- Task to carry out -
Only the lines from the one containing "Pine Tree 100" to the end of the data should be copied, exactly and without pictures.

- Provided material -
# # # # #

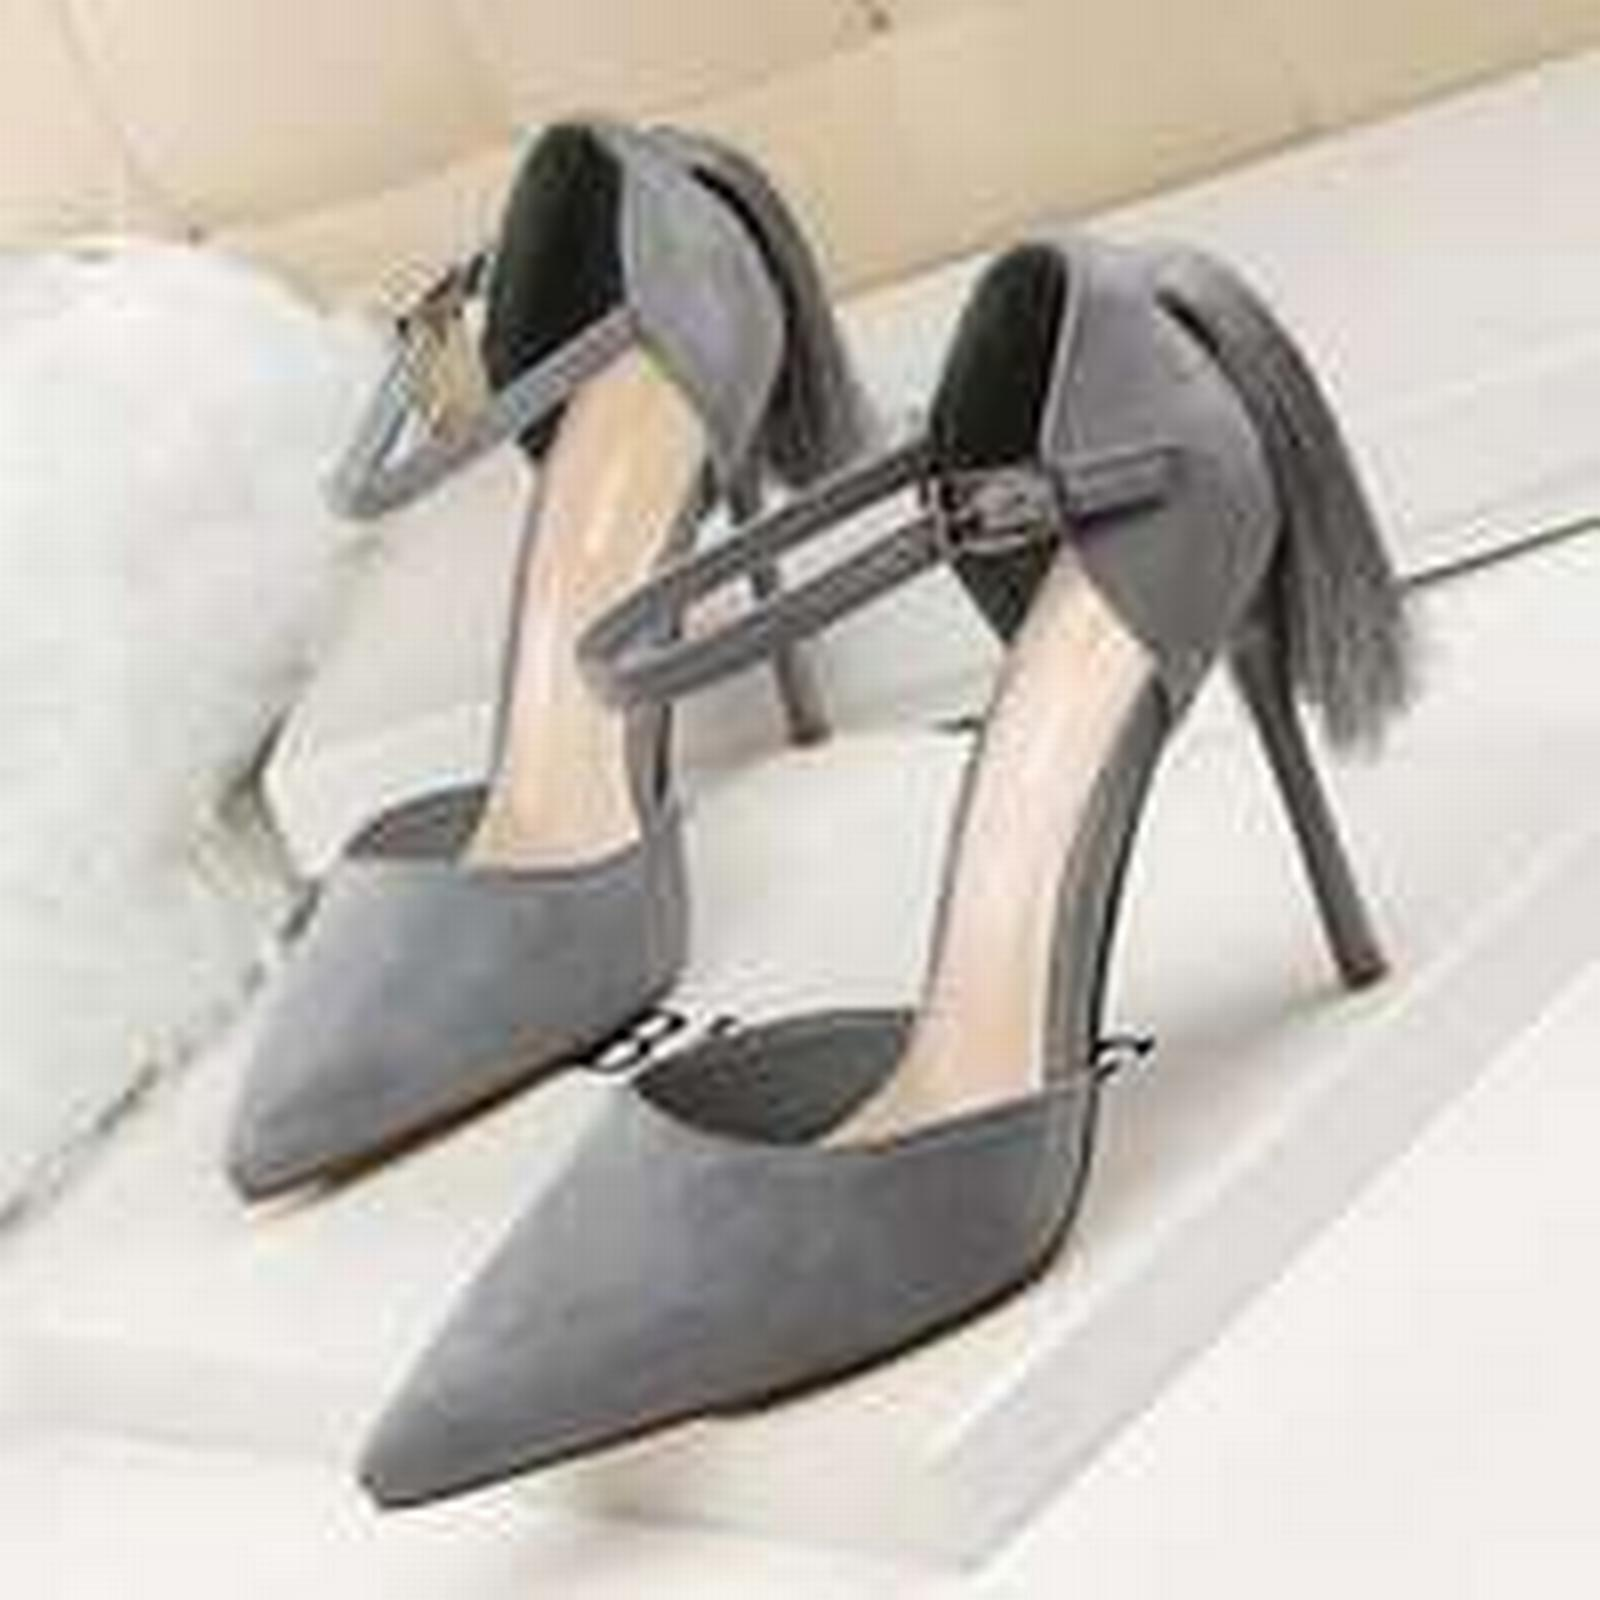 Bonanza (Global) sandals pp257 elegant pointy ankle sandals (Global) w big fringe, nubuck, US Size 4-8, gray 57545d
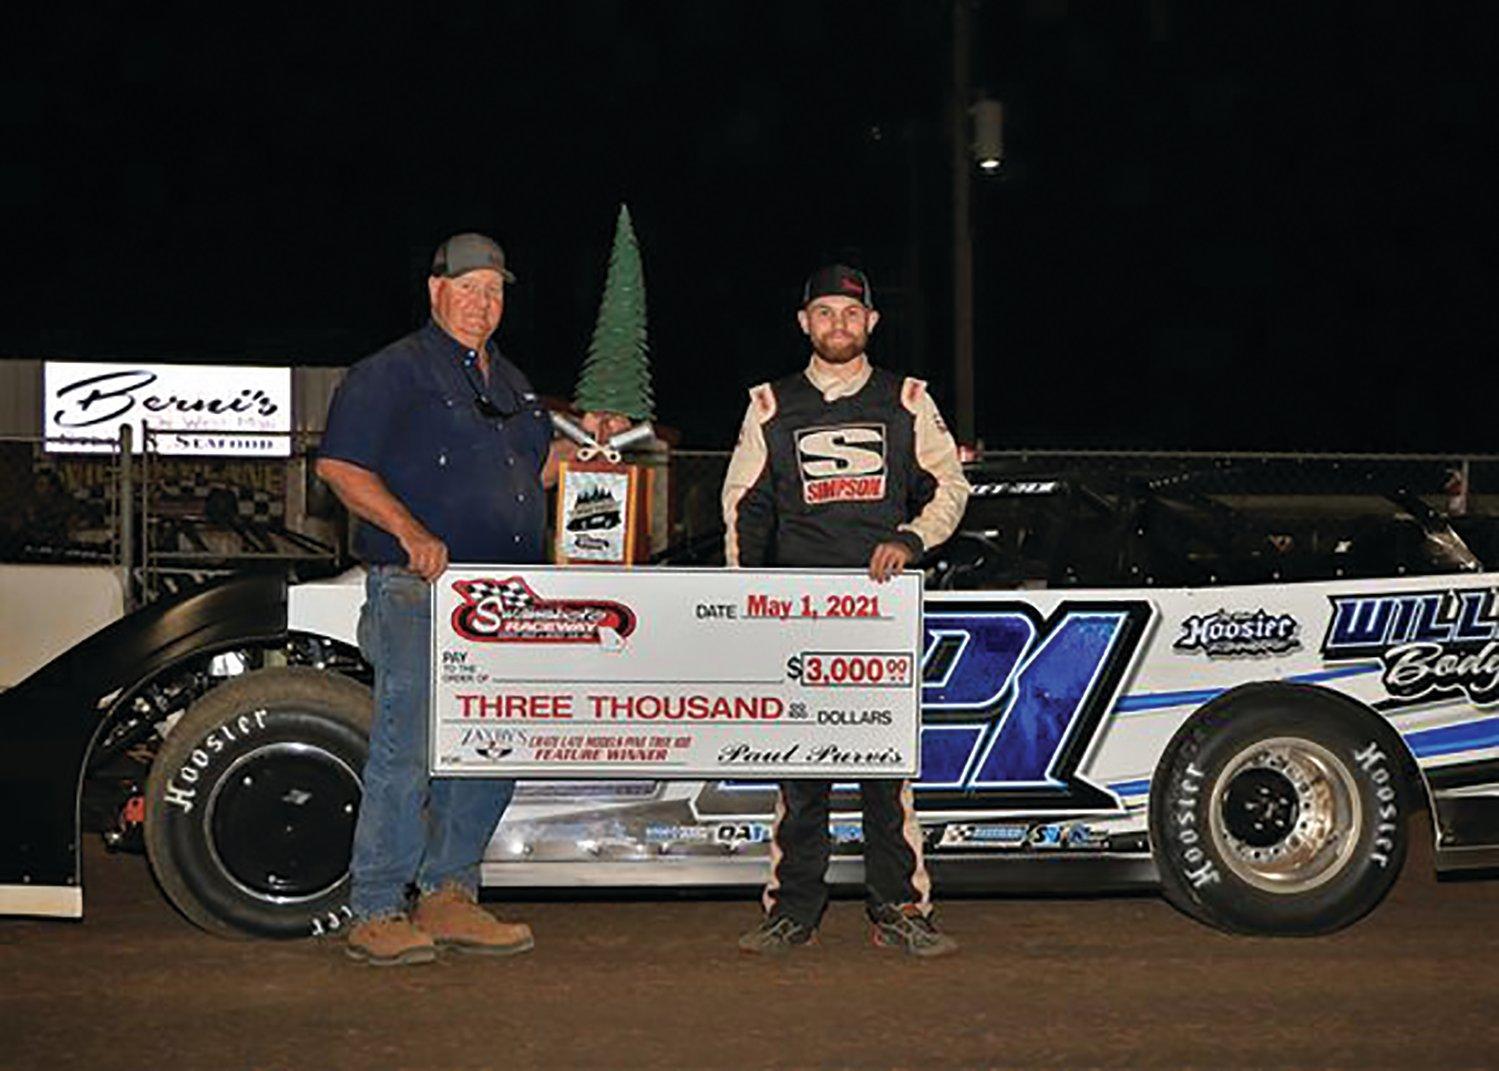 Pine Tree 100 Makes History at Swainsboro Raceway!
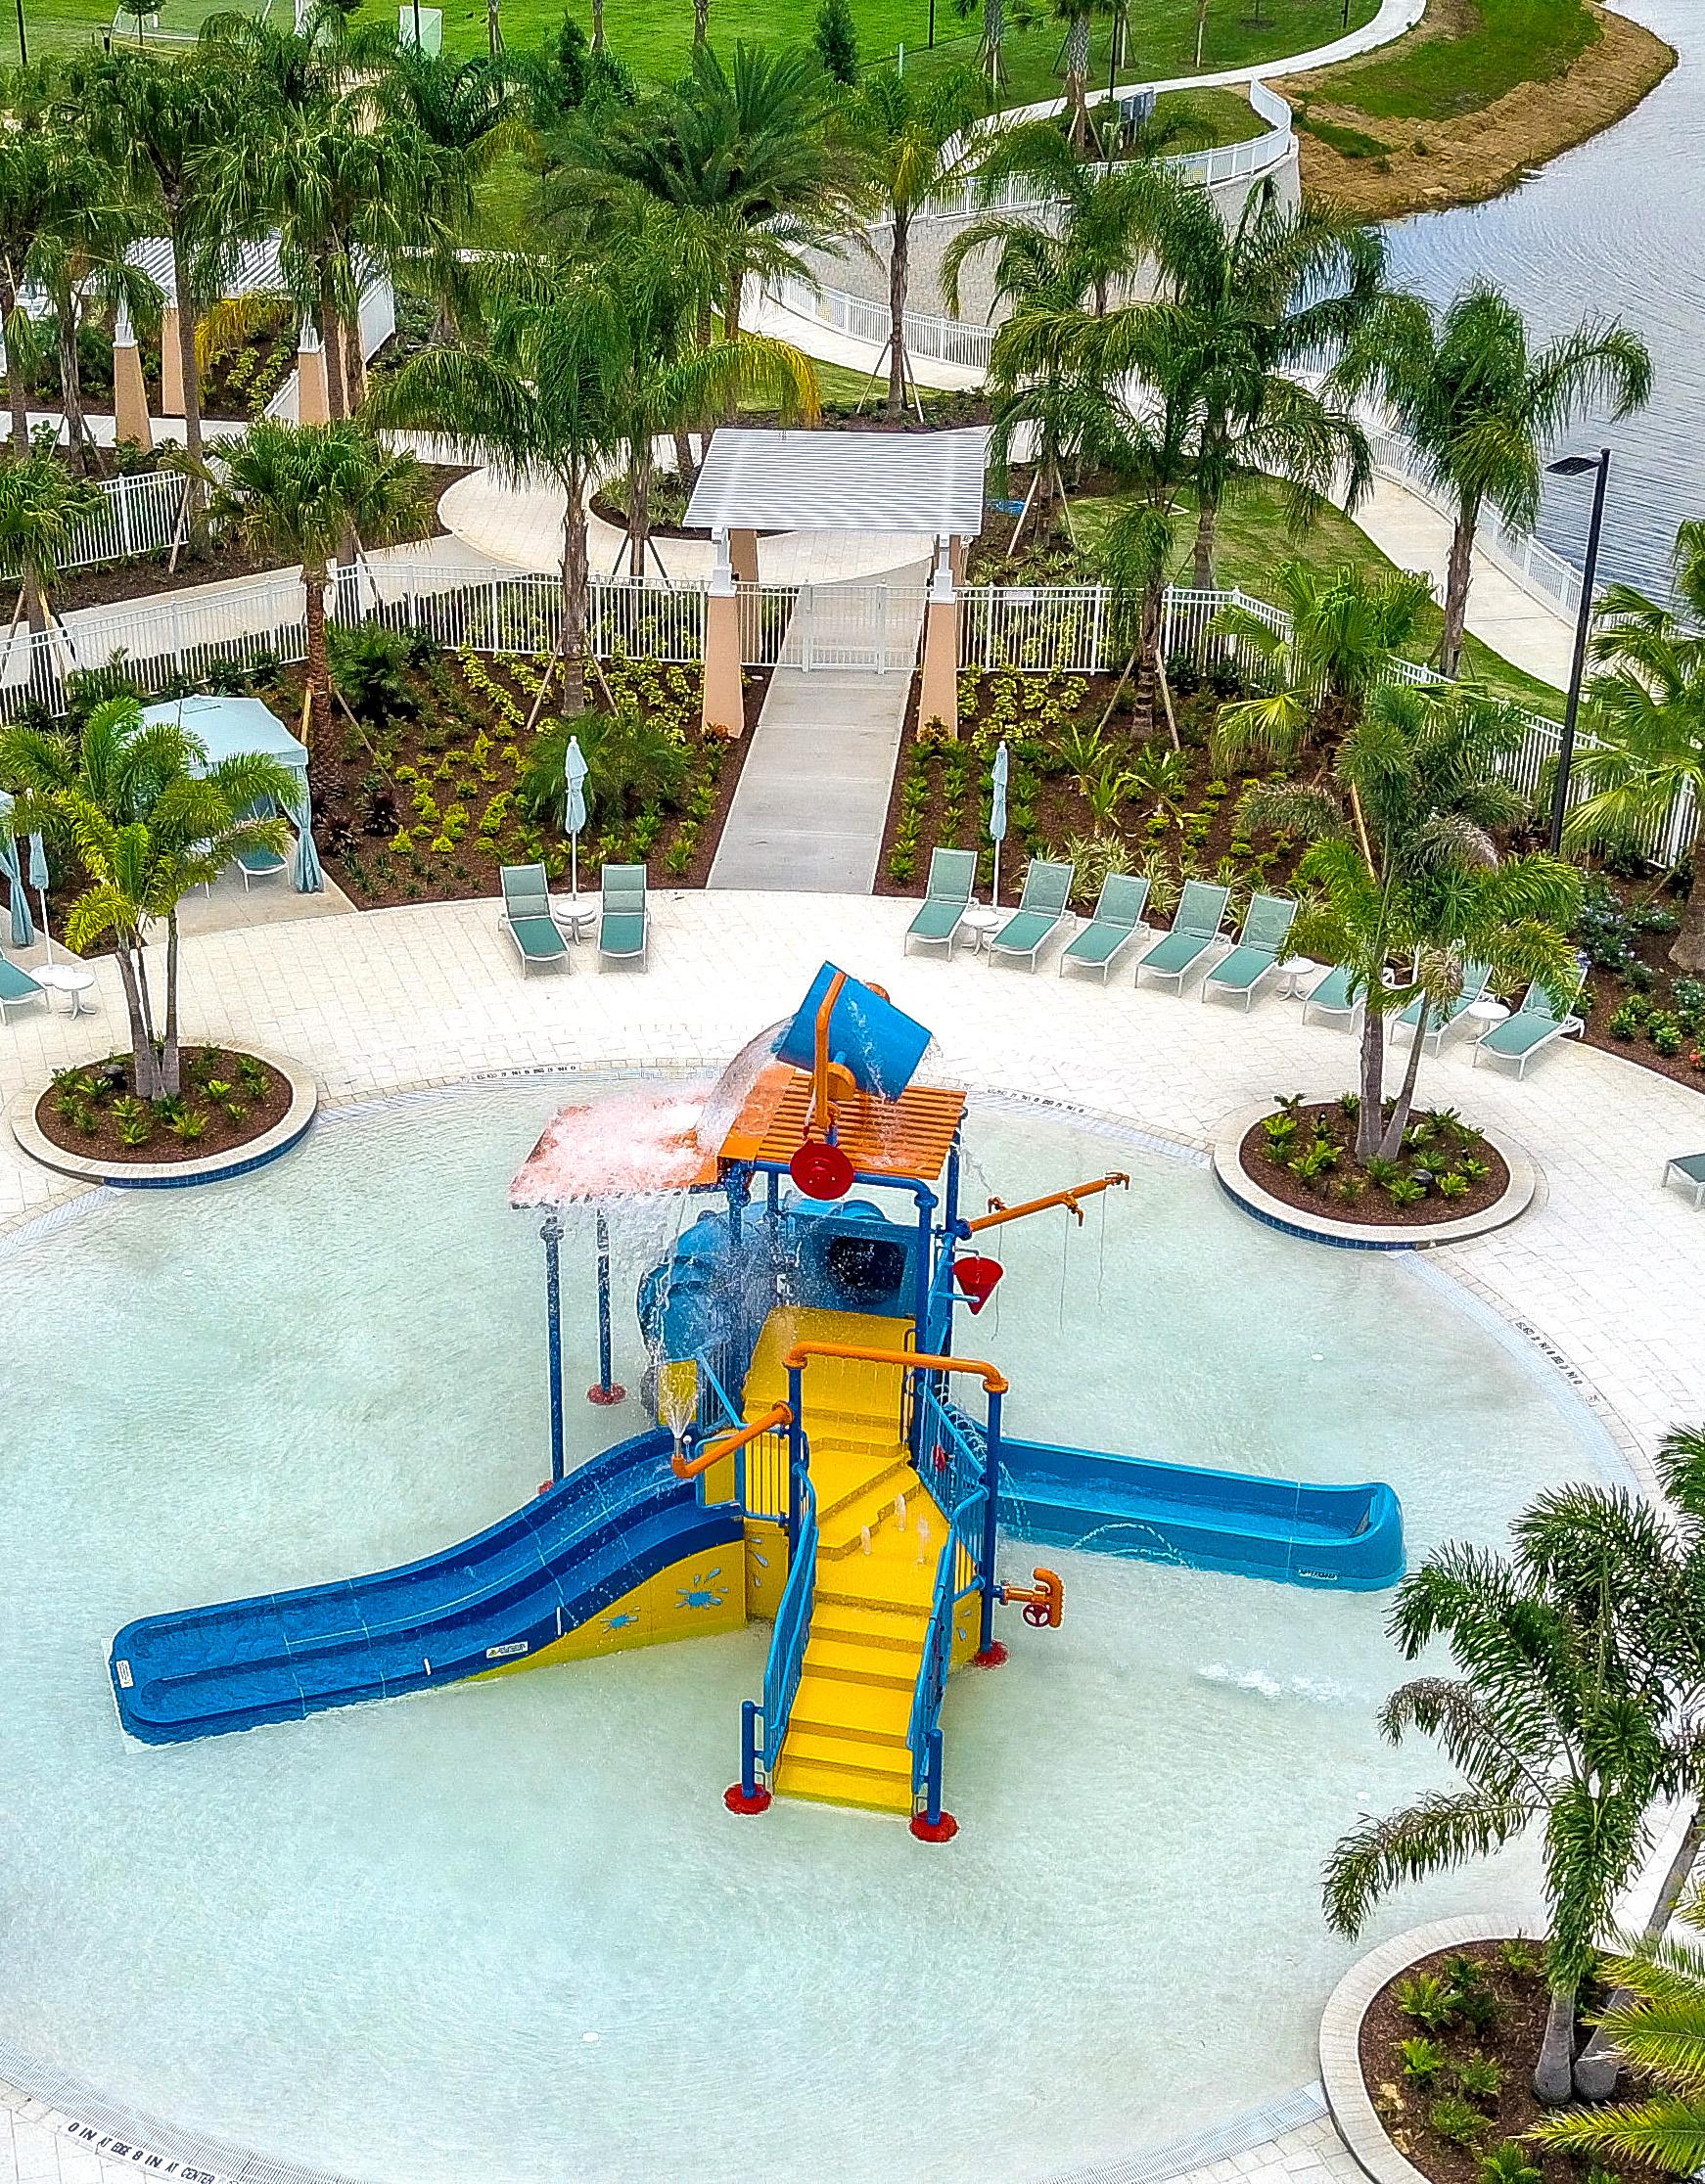 skyview image of Solara Resort

# # # # #

- Exercise answer -
 Pine Tree 100 Makes History at Swainsboro Raceway!
 skyview image of Solara Resort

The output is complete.